Three heavy sessions a month sounds like a lot to me (in terms of long-term health), but it may not be a problem. It might become a problem once you have a baby, though, it's a lot harder to parent hungover. You may find you can't support your partner well enough while still binge drinking that often.
 
If you think you might have a problem and other people are saying you have a problem you probably do.
 
I have been a fan of drinking for a long time because I like to enjoy life and howl at the moon sometimes, but lately my wife has been telling me that I drink too much. People throw around the word alcoholic like they understand the complex nature of the brain and how neurotransmitters work on dopamine receptors in the brain, but I'm trying to actually understand if I have a real problem. I'm looking at the criteria in the DSM 5 for what they call Alcohol Use Disorder and I have a few disagreements and questions. These are the question psychologists ask to diagnose somebody who has a drinking problem:

DSM 5 Alcohol Use Disorder


1. Had times when you ended up drinking more, or longer, than you intended?

Who actually plans out ahead of time before you get to a party exactly how much you are going to drink, or how long you will stay? And even if you do that, should it not be allowed to have a few more drinks if it is a good party and with fun people?



2. More than once wanted to cut down or stop drinking, or tried to, but couldn’t?

Everybody knows that drinking is not good for you, except for maybe one glass of wine or beer per day to help relax. Drinking water is good for you, but if you drink too much it will kill you. If you drink water or alcohol in moderation, then maybe you will be ok.


3. Spent a lot of time drinking? Or being sick or getting over other aftereffects?

This is two different questions. How much is a lot of time? If you're drunk every day or every other day then yeah it's probably a problem. But who gets to decide how often you should drink? If you are young and in shape and your liver can process the alcohol then maybe you are fine to drink as much as you want?

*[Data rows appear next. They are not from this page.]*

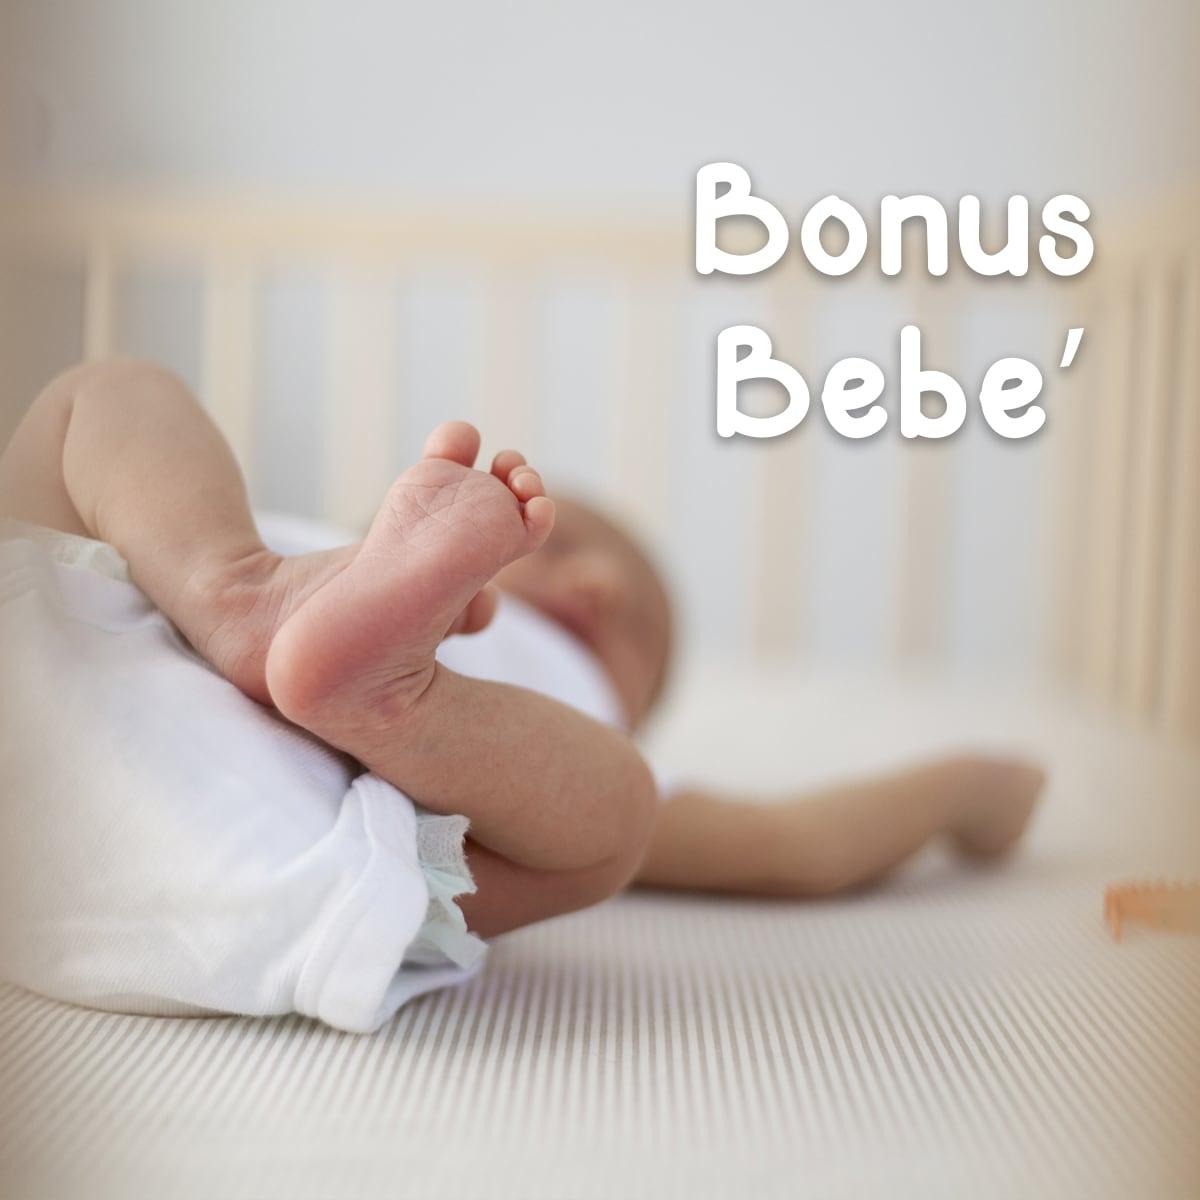 Bonus bebè 2020: come fare domanda, requisiti e importi
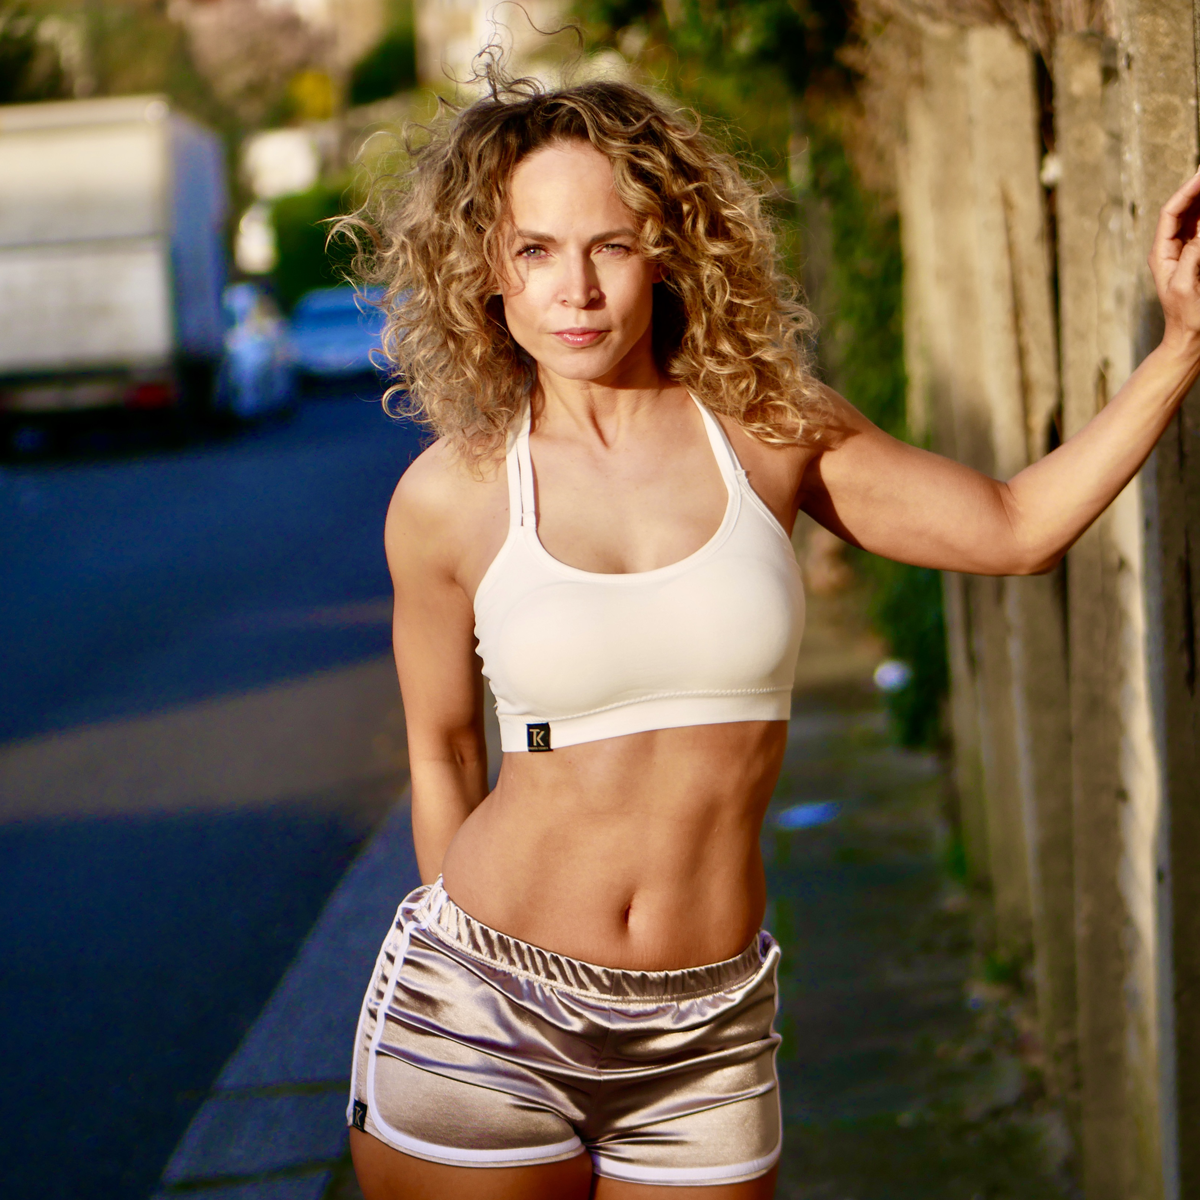 Tamara-Kramer-Satin-shorts-top-1.png
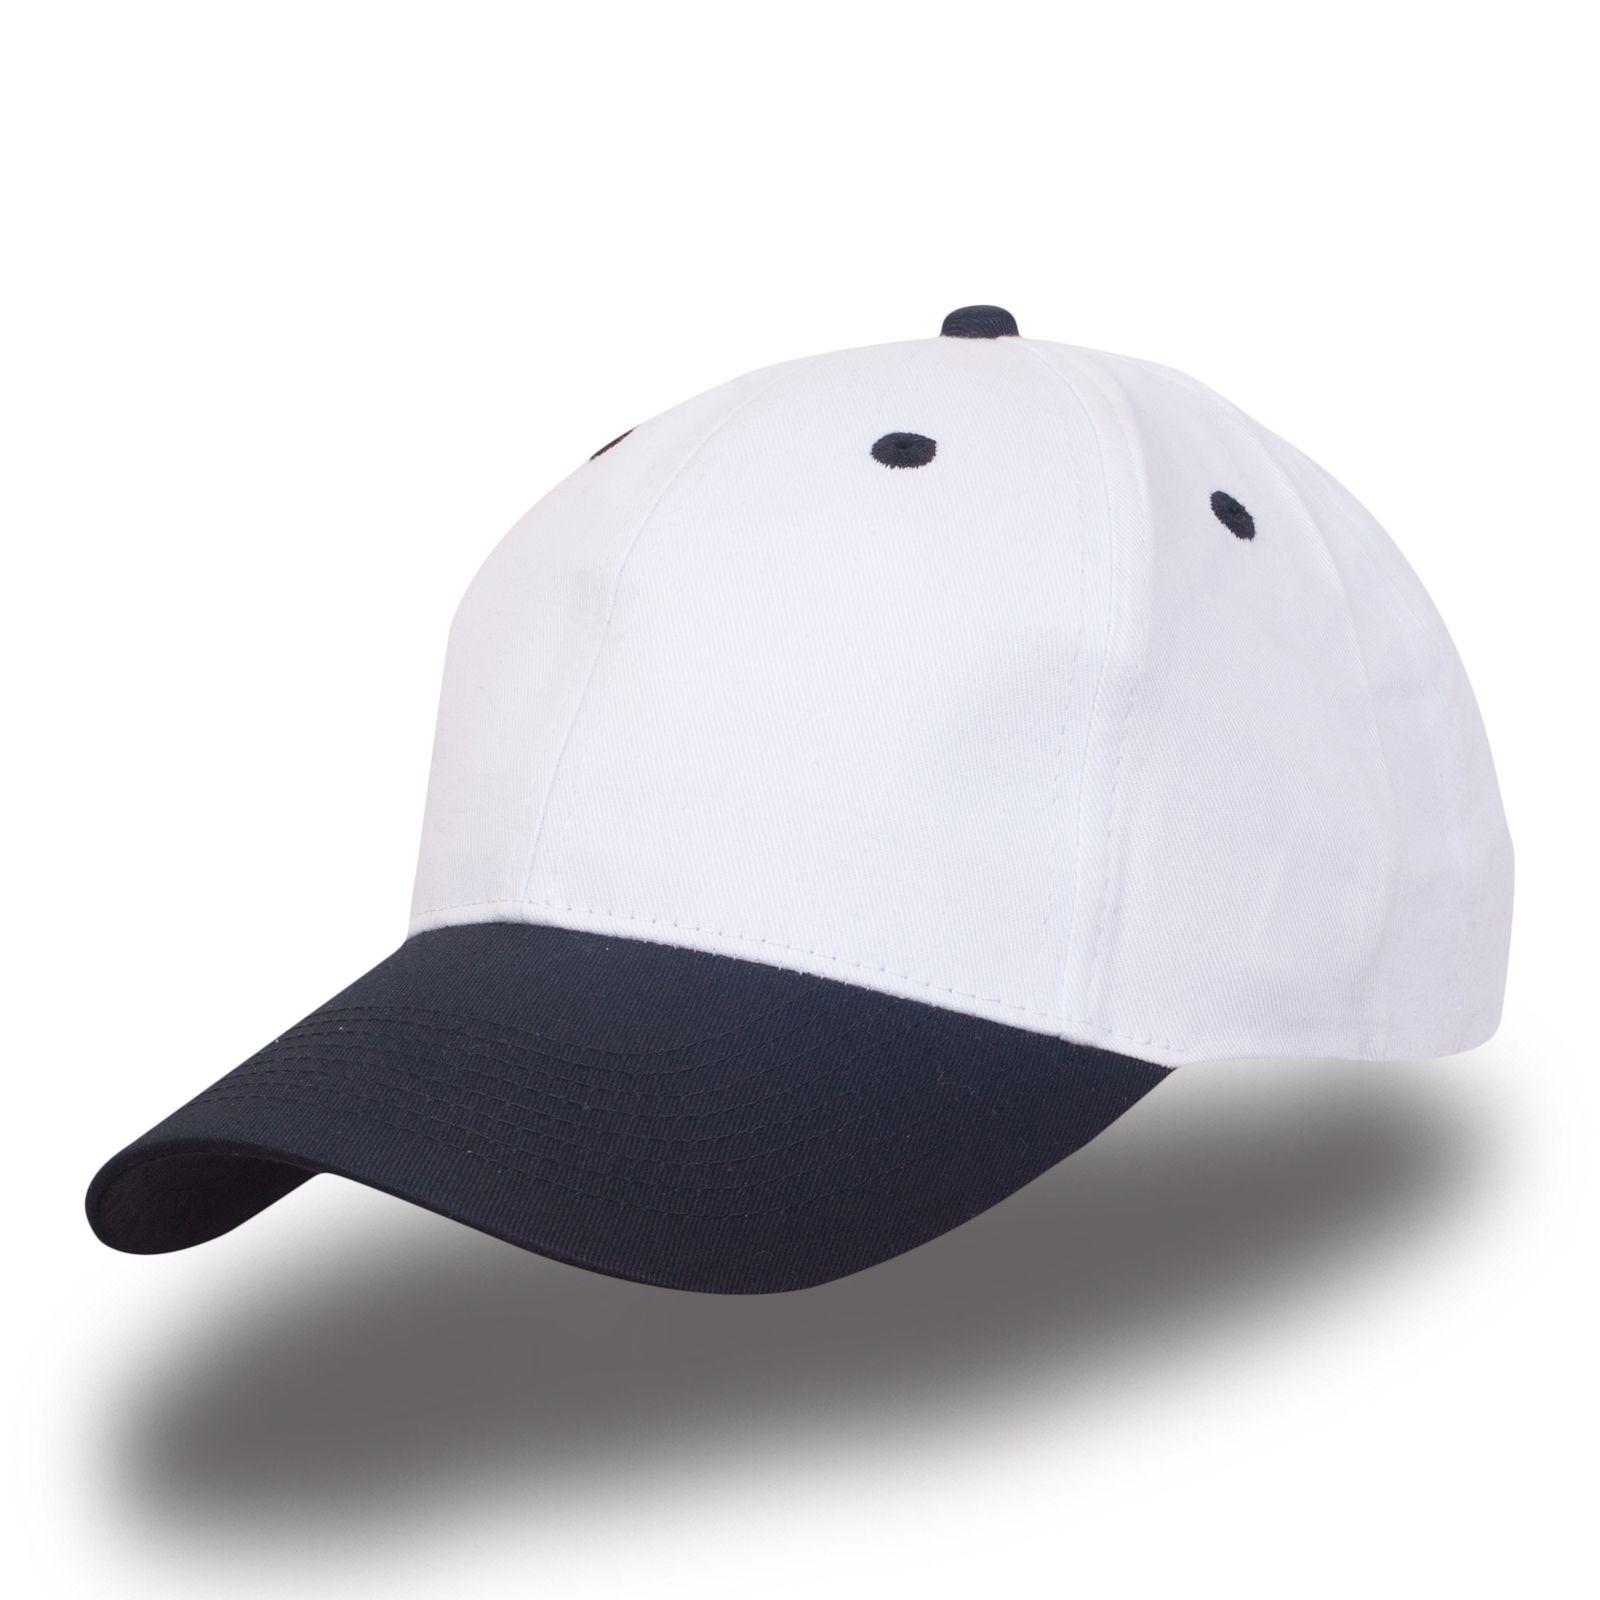 Бейсболка белая - купить в интернет-магазине с доставкой

4. Wanted a drink so badly you couldn’t think of anything else?
**This is new to DSM–5**

Yeah it's probably bad if you can't think of anything else besides wanting a drink, unless somebody you love just died or you are going through serious trauma like a divorce or something. Having a drink and contemplating the meaning of life or having a serious soul searching session is maybe better than hurting other people or yourself.



5. Found that drinking—or being sick from drinking—often interfered with taking care of your home or family? Or caused job troubles? Or school problems?

Hangovers are a part of drinking and yes they will keep you from being at 100% efficiency, but maybe your mind needs a release every once in a while. If you drink too much so that your children go hungry then yeah you have a problem. If you drink too much and can't mow the grass the next day, then fuck it who gives a shit. The grass is just a stupid plant that doesn't really effect anything except the HOA rules.



6. Continued to drink even though it was causing trouble with your family or friends?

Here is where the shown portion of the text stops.